> _Collected material_
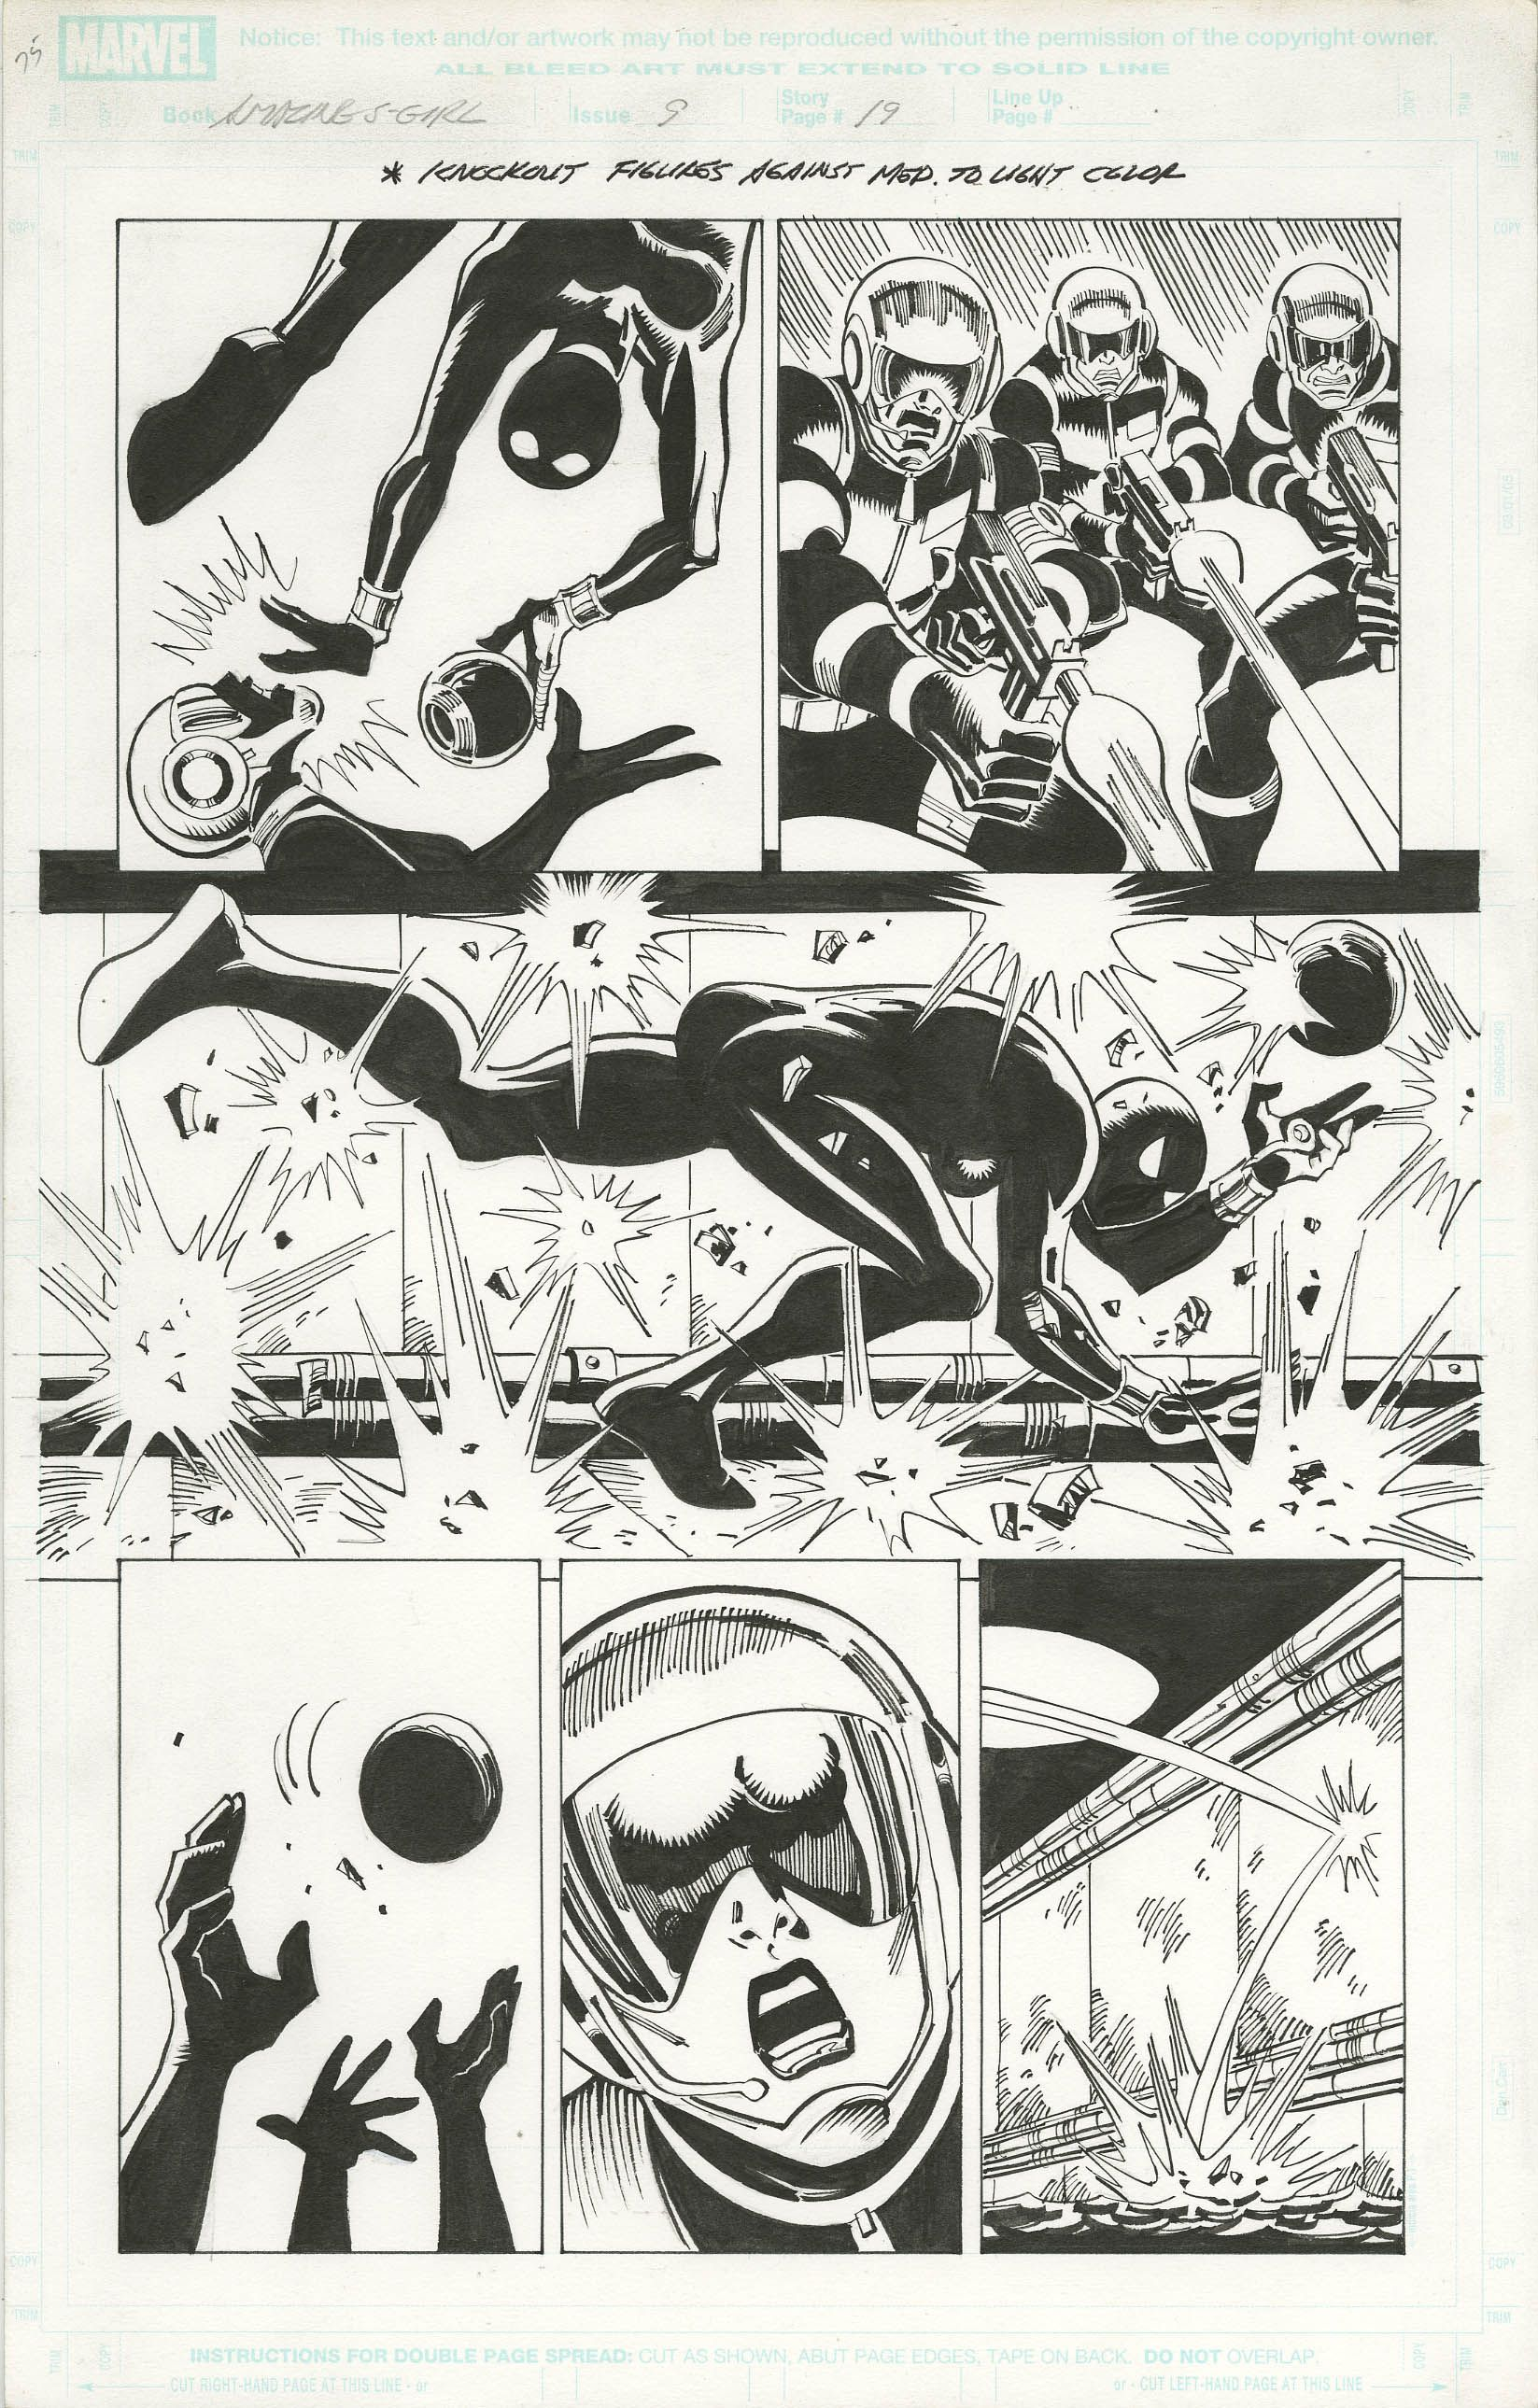 AMAZING SPIDER-GIRL #9 PAGE 19 - RON FRENZ - W.B.
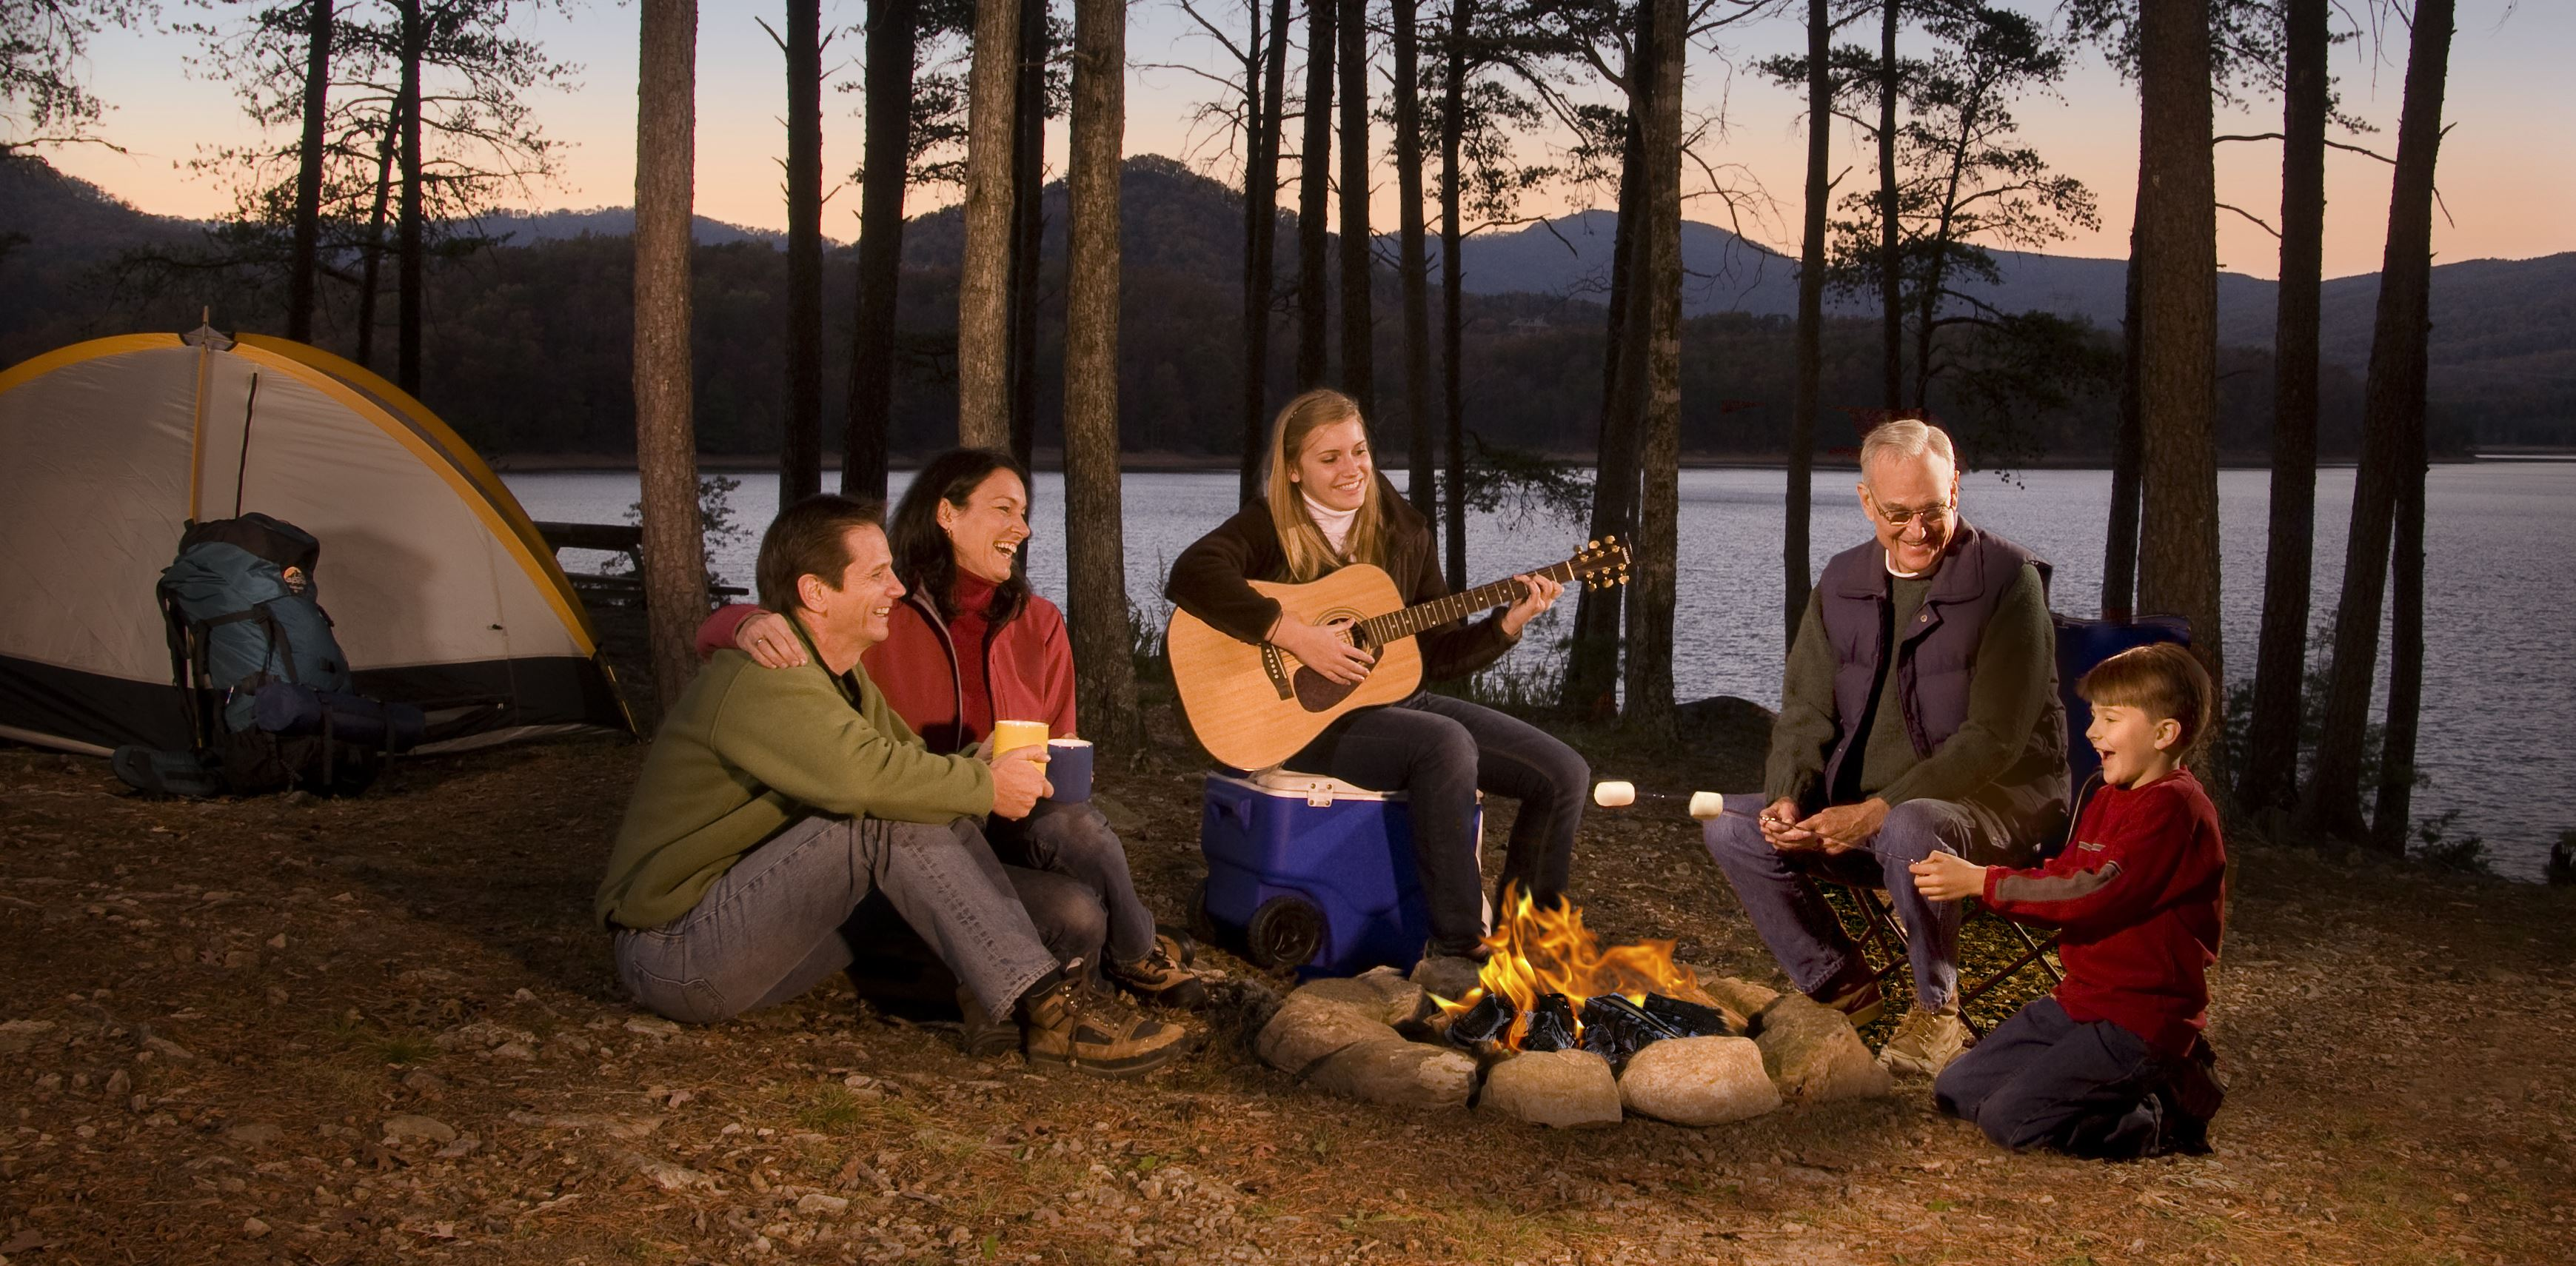 fun and camping
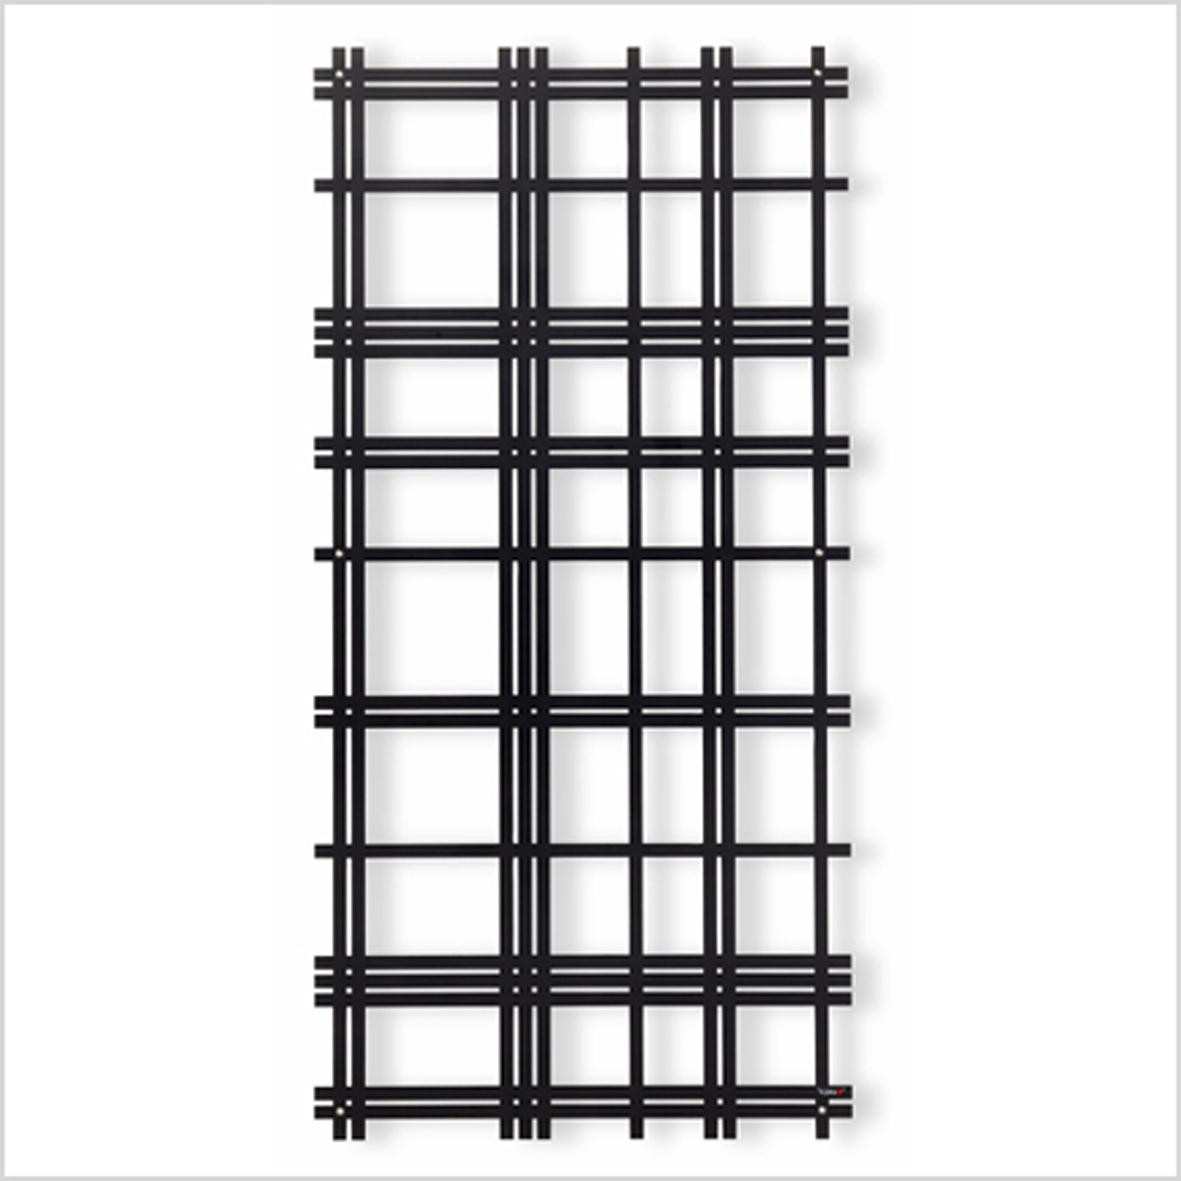 rosen rankhilfe aus metall pn54 kyushucon. Black Bedroom Furniture Sets. Home Design Ideas

> _Work to be completed_
Copy the full listing above exactly, apart from the pictures.

> _Task response_
 AMAZING SPIDER-GIRL #9 PAGE 19 - RON FRENZ - W.B.
 fun and camping
 rosen rankhilfe aus metall pn54 kyushucon. Black Bedroom Furniture Sets. Home Design Ideas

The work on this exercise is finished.